# Given information
========================================

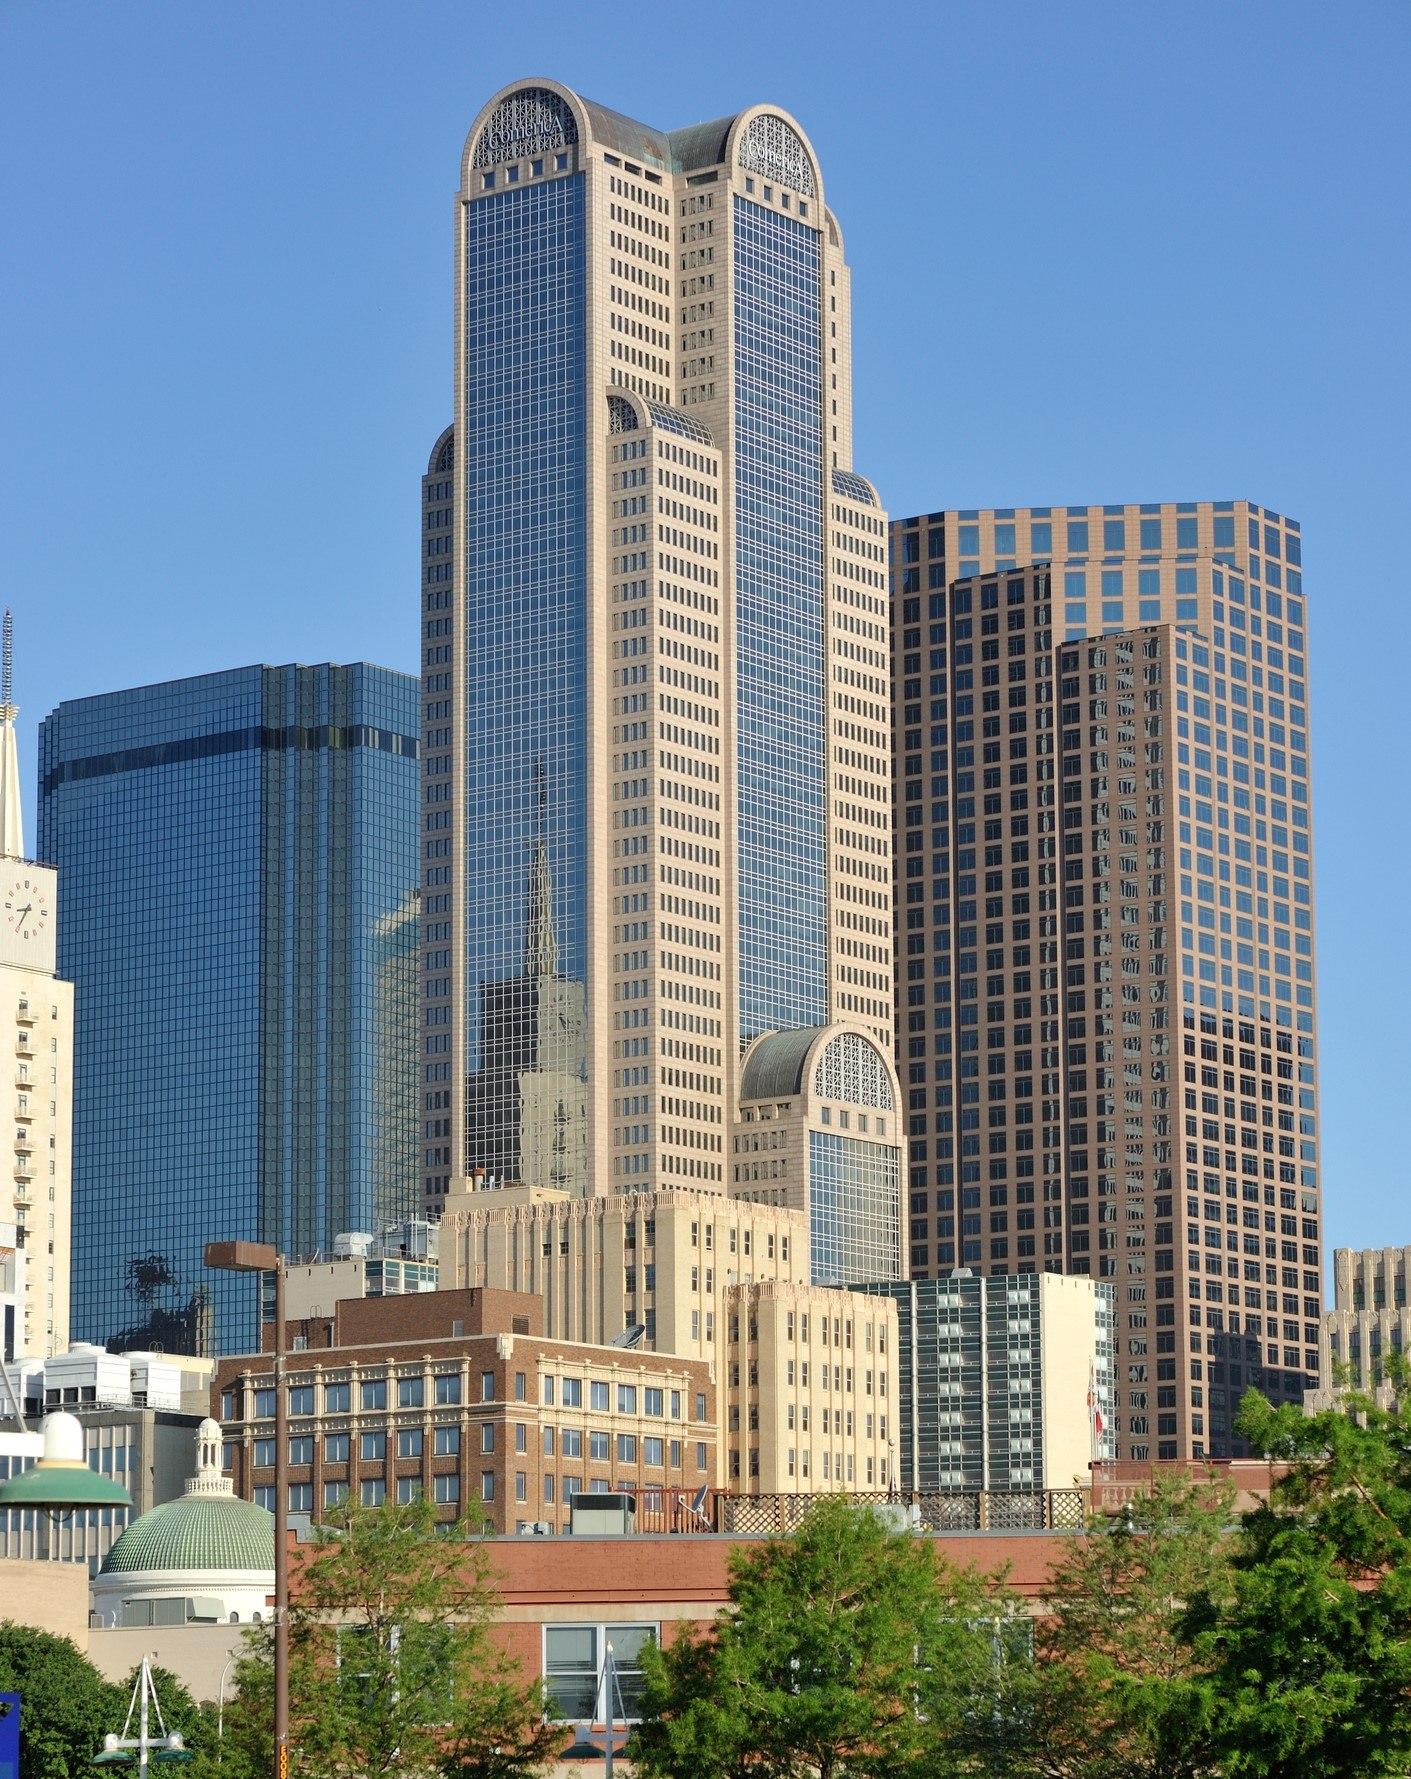 Comerica bank tower in Dallas,Texas
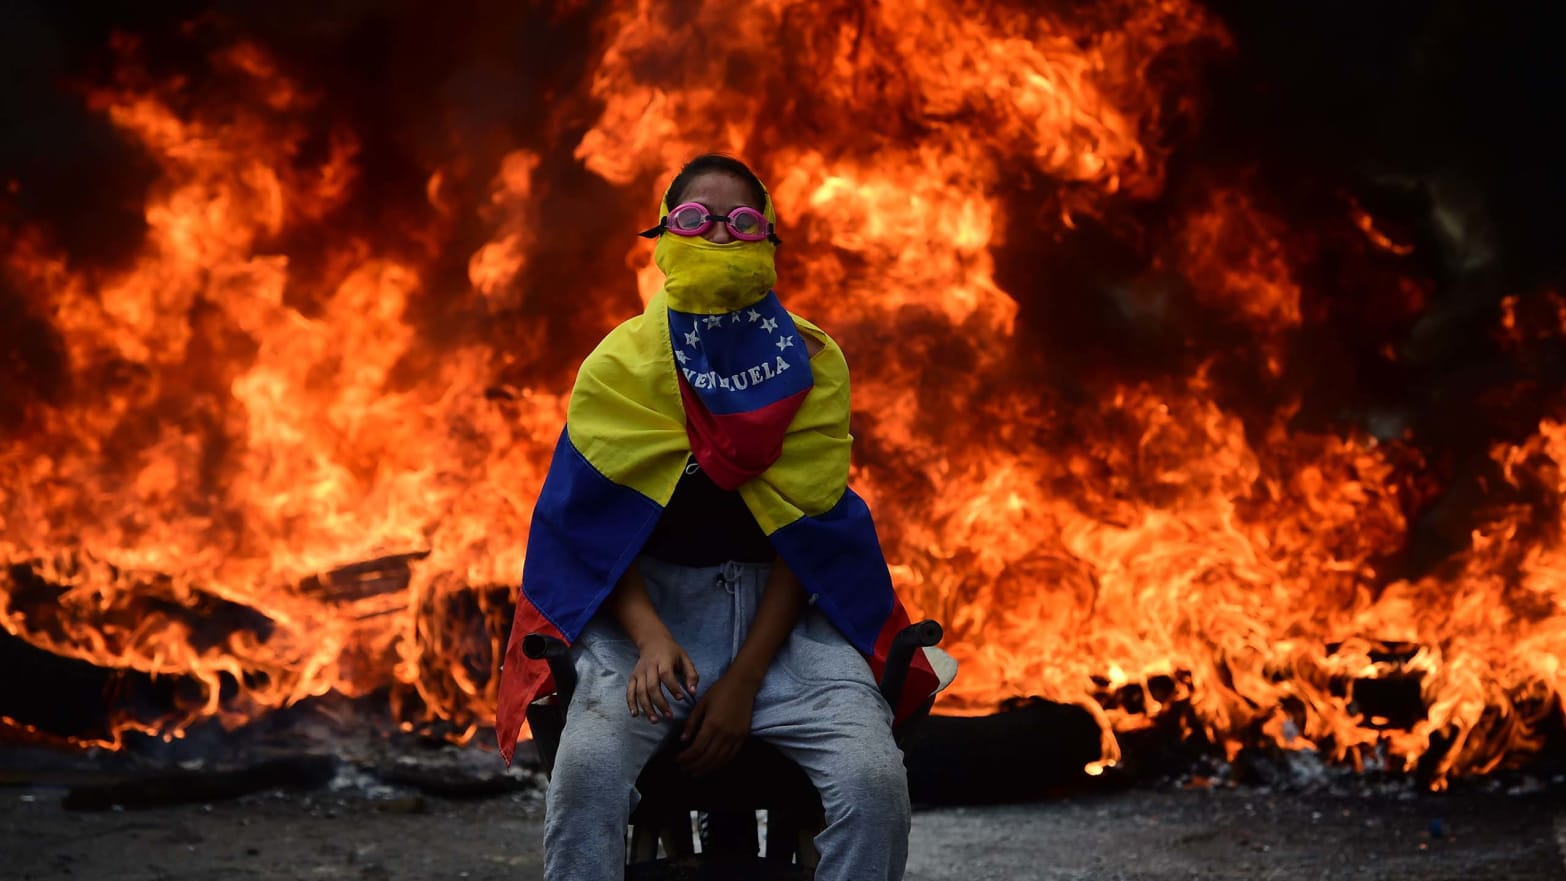 Rumors of War With the U.S. Run Rampant in Venezuela
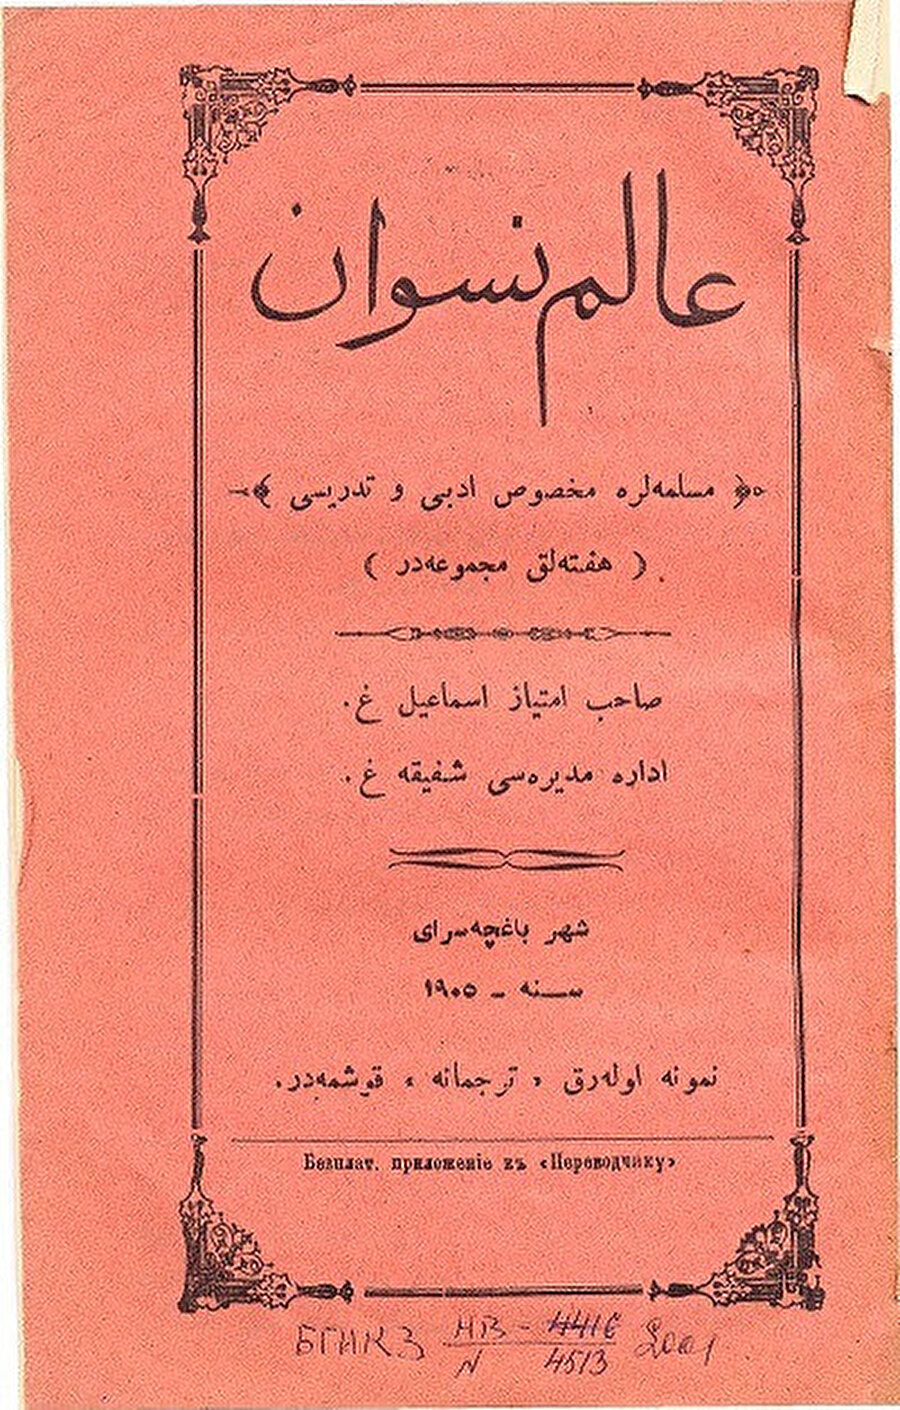 Alem-i Nisvan dergisinin kapağı. (1906-1912)
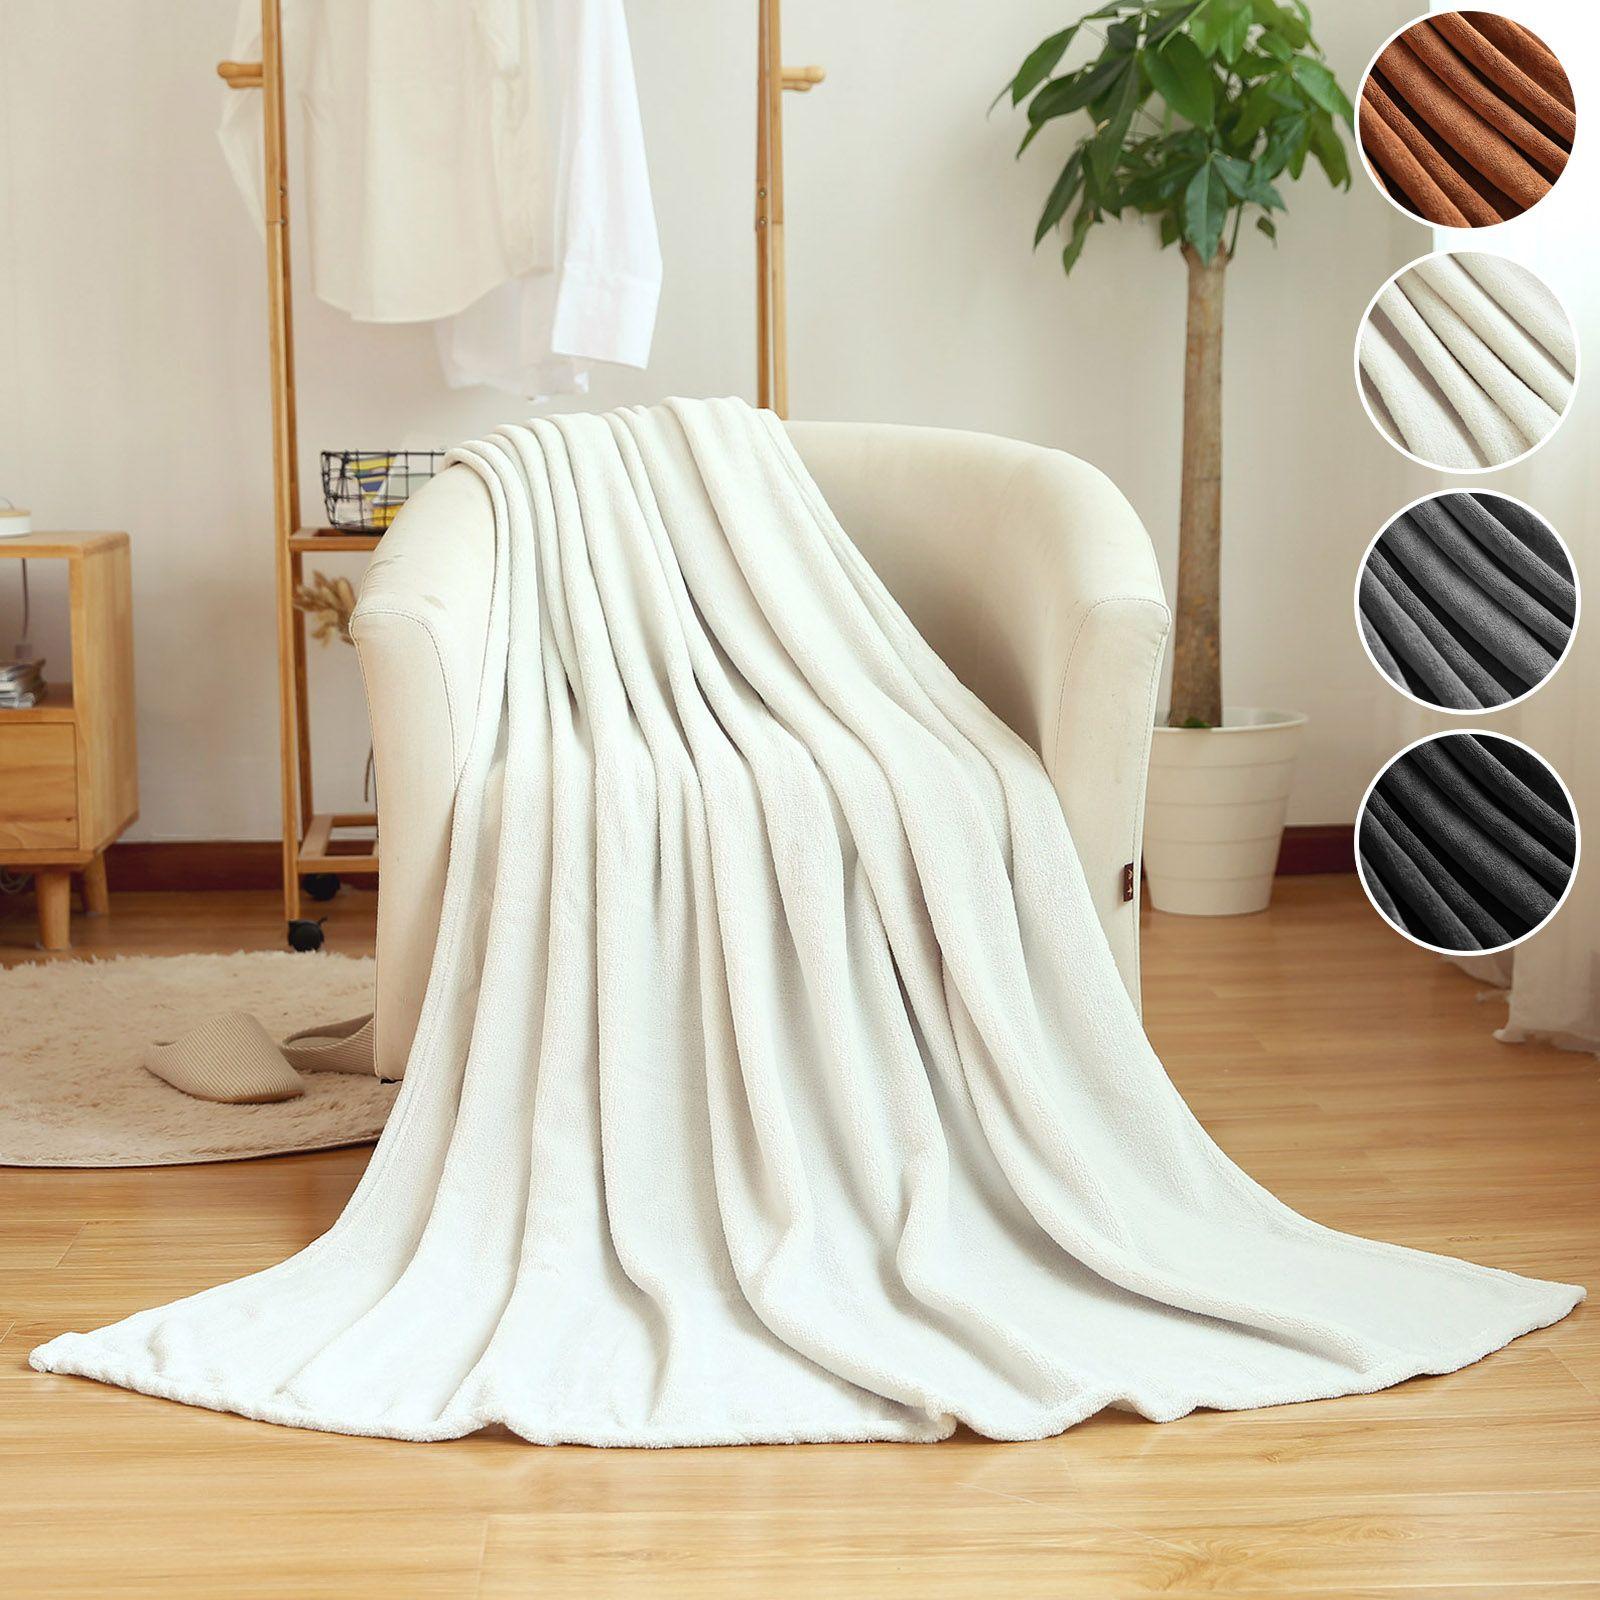 Woltu Kuscheldecke Wohndecke Tv Decke Tagesdecke Sofadecke Bettdecke Microfaserddecke Flanelle Fleece Decke Xl 150x200 Cm 220x240 Cm Blanket Throw Blanket Bed

========================================

# Assignment
Pictures aside, retype the material exactly.

# Output below
 Comerica bank tower in Dallas,Texas
 Rumors of War With the U.S. Run Rampant in Venezuela
 Alem-i Nisvan dergisinin kapağı. (1906-1912)
 Woltu Kuscheldecke Wohndecke Tv Decke Tagesdecke Sofadecke Bettdecke Microfaserddecke Flanelle Fleece Decke Xl 150x200 Cm 220x240 Cm Blanket Throw Blanket Bed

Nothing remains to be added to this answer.